Three things stayed.

One. A warrior has a broken heart. Without tenderness and vulnerability, your warriorship is dishonourable. I have been armoured for a long time. I thought strength meant not feeling. The world rewards composure. But composure without feeling becomes coldness. Your real strength is staying open, even when it hurts.

Two. The mind is like the sky. Thoughts are clouds. You do not stop the clouds. You stop being the cloud. You are not your thoughts. You are the sky they pass through. Remember that and rest.

Three. I looked at the wheel of destructive emotions and saw my name on one spoke. Discontent. The feeling that there is always more to build. It drives me. It also tires me. Naming it is more honest than performing peace. The world has enough people performing contentment.

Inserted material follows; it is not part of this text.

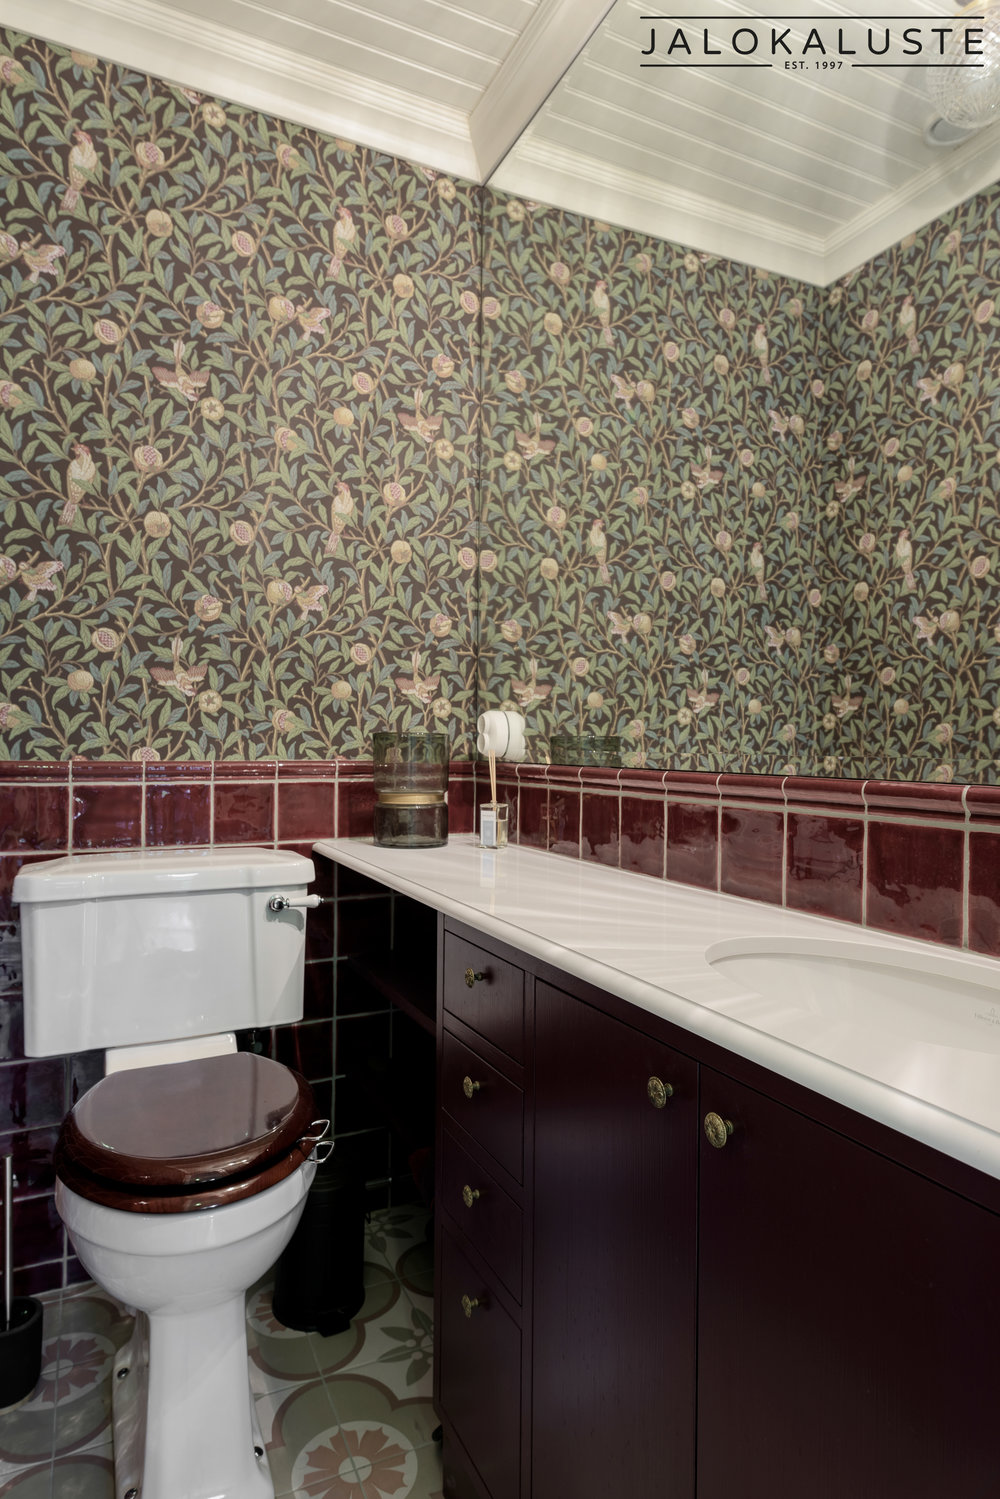 Jalokaluste wc-vanhanajan1.jpg

The antidote: patience and joyous effort. Patience says things take time. Joyous effort says I will keep going gladly. Together they are how you work without burning. Burnout is a slow way to lose yourself. You cannot serve others if you have lost yourself.

I am the person who stays. Even when the food is unfamiliar. Even when the struggle is real. Staying is how trust gets built. Nothing real gets built without it.

Going home now. One week offline.

The question I am carrying back with me: when the restlessness rises, is this joyous effort or discontent dressed up as ambition?

The body knows. Joyous effort feels light. Discontent feels heavy.

Maybe you need to ask yourself the same question.